— Problem statement —
Search the data for the word "felicitación". Reproduce every line where it is found.

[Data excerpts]
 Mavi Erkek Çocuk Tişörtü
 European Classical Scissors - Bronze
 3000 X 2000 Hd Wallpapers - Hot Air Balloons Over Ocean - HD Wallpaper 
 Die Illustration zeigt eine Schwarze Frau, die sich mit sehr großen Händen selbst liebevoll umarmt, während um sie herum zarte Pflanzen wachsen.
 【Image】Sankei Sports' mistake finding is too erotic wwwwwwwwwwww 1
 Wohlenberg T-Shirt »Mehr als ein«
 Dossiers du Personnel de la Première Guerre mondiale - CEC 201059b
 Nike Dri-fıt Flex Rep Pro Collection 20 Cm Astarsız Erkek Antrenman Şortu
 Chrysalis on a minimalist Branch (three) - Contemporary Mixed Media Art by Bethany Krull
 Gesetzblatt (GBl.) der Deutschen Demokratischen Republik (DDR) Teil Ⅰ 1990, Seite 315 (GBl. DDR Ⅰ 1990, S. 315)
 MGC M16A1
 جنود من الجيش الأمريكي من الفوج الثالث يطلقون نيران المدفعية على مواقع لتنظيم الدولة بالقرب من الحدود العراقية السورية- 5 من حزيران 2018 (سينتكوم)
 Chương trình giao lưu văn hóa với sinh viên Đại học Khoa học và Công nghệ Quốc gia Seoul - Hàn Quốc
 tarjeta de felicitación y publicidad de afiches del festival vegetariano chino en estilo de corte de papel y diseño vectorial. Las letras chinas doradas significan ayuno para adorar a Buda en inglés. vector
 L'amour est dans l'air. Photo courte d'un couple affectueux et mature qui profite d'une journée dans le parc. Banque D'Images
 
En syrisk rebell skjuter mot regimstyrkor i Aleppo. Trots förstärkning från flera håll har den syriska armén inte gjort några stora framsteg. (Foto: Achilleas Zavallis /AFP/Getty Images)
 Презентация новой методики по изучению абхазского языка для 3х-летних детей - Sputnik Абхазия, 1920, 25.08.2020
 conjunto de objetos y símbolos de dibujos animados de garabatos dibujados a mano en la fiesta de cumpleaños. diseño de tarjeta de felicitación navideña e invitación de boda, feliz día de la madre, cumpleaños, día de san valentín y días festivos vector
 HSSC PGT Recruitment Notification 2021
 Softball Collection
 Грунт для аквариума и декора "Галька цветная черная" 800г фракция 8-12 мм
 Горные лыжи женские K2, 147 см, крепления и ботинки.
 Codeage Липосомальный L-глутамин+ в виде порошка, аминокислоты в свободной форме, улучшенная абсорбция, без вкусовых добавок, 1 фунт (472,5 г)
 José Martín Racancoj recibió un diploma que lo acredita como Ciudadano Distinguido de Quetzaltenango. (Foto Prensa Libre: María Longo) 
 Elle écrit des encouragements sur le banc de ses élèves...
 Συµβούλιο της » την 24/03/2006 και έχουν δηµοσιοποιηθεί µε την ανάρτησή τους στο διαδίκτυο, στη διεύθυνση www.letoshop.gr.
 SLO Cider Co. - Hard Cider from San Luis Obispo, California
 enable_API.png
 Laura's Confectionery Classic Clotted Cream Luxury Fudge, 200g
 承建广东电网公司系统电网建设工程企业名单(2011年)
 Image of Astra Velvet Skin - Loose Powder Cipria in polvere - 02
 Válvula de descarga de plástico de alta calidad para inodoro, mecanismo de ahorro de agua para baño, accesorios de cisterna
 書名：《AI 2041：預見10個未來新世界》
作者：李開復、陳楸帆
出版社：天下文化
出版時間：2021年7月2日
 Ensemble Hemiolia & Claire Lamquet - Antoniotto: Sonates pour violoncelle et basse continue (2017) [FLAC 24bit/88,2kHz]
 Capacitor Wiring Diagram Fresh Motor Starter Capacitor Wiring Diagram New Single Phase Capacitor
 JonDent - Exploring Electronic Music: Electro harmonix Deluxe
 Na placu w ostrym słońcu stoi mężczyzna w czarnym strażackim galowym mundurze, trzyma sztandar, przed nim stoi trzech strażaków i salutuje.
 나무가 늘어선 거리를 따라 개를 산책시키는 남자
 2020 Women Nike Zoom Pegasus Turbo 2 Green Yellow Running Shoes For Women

— Response box —
 tarjeta de felicitación y publicidad de afiches del festival vegetariano chino en estilo de corte de papel y diseño vectorial. Las letras chinas doradas significan ayuno para adorar a Buda en inglés. vector
 conjunto de objetos y símbolos de dibujos animados de garabatos dibujados a mano en la fiesta de cumpleaños. diseño de tarjeta de felicitación navideña e invitación de boda, feliz día de la madre, cumpleaños, día de san valentín y días festivos vector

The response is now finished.